La propagande n’ayant pas de ministère dédié, ne doit-il pas démissionner?

Lire le message de Julien Cartier, professeur de SVT dans l’Académie de Nice.

Plus aucun enseignant français n’ignore que le ministère nous demande de lire aux élèves la lettre de Jean Jaurès aux instituteurs et aux institutrices.

Le site de la Bibliothèque Nationale de France présente utilement cette lettre et offre même une copie de l’original, publié dans le journal La Dépêche, le dimanche 15 janvier 1888.

Au même moment le site EDUSCOL, c’est à dire le site officiel du ministère de l’éducation nationale, met en ligne une version courte (sans doute destinée aux élèves du primaire) et une version longue de la lettre.

Or, tenez-vous bien, la version longue est étrangement expurgée du passage suivant :

« J’en veux mortellement à ce certificat d’études primaires qui exagère encore ce vice secret des programmes.

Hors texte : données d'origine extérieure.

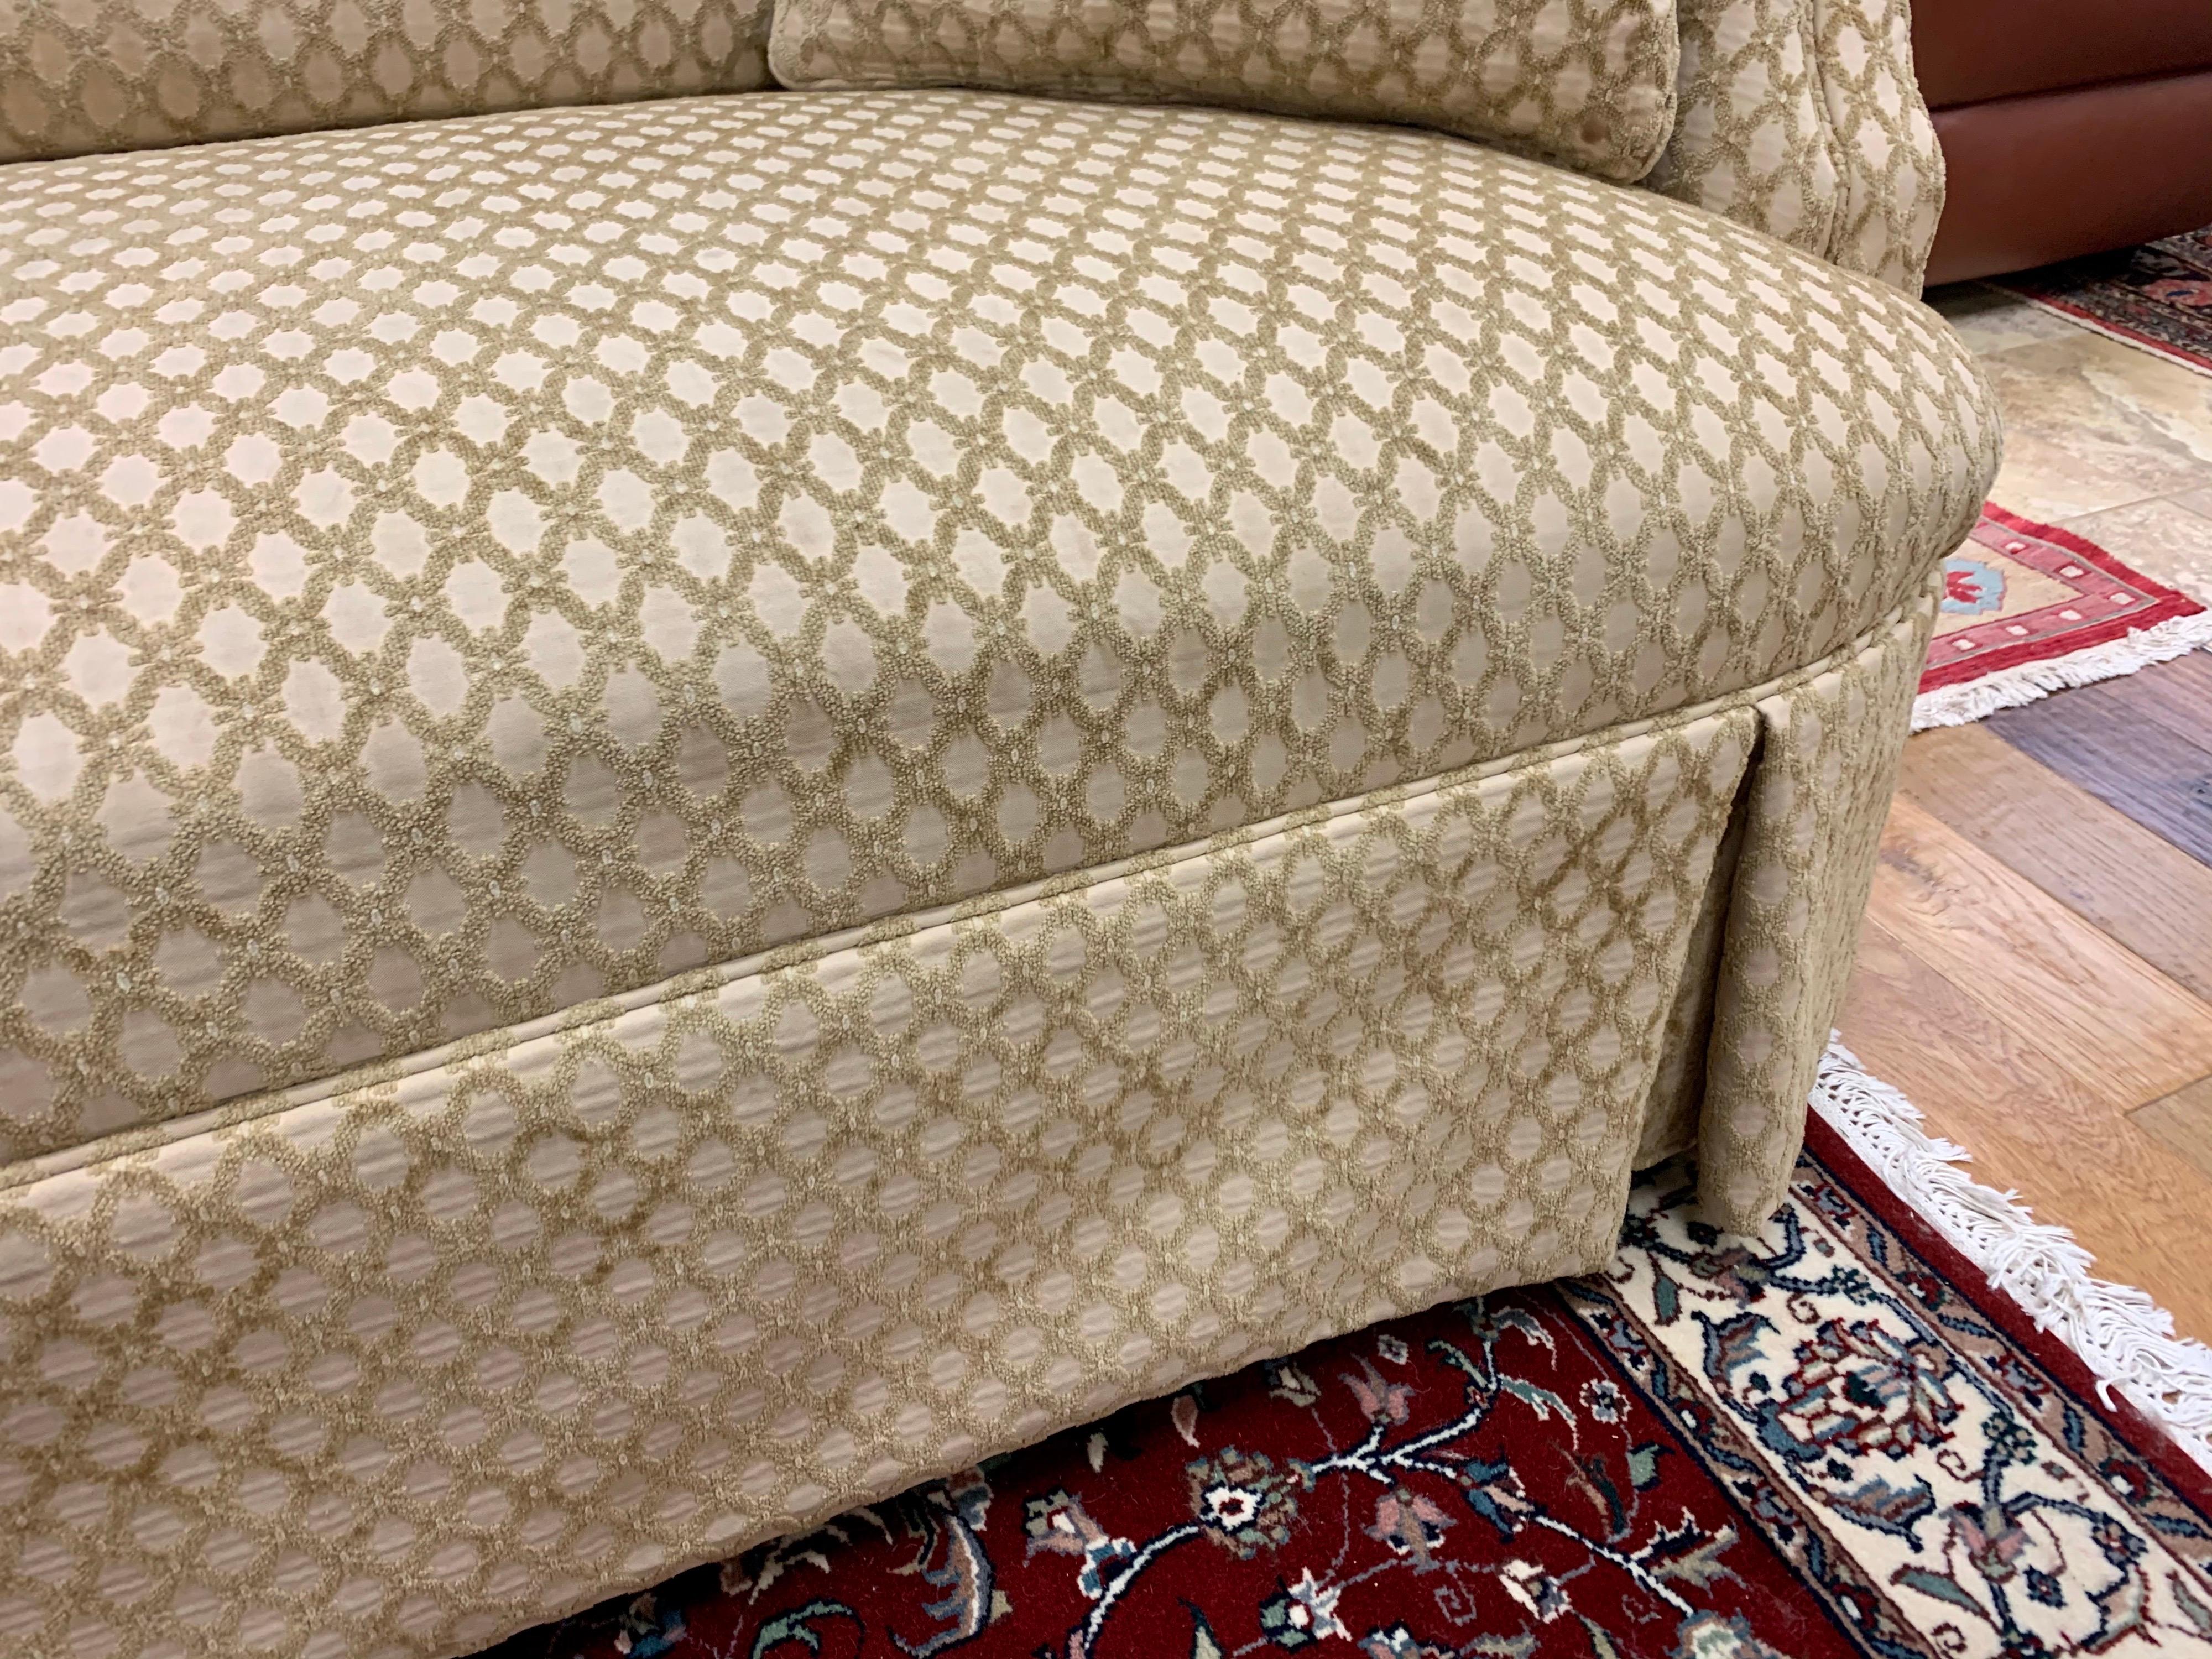 American Custom Loveseat Sofa with Raised Trellis Kravet Fabric

Quel système déplorable nous avons en France avec ces examens à tous les degrés qui suppriment l’initiative du maître et aussi la bonne foi de l’enseignement en sacrifiant la réalité à l’apparence ! Mon inspection serait bientôt faite dans une école. Je ferais lire les écoliers, et c’est là-dessus seulement que je jugerais le maître. »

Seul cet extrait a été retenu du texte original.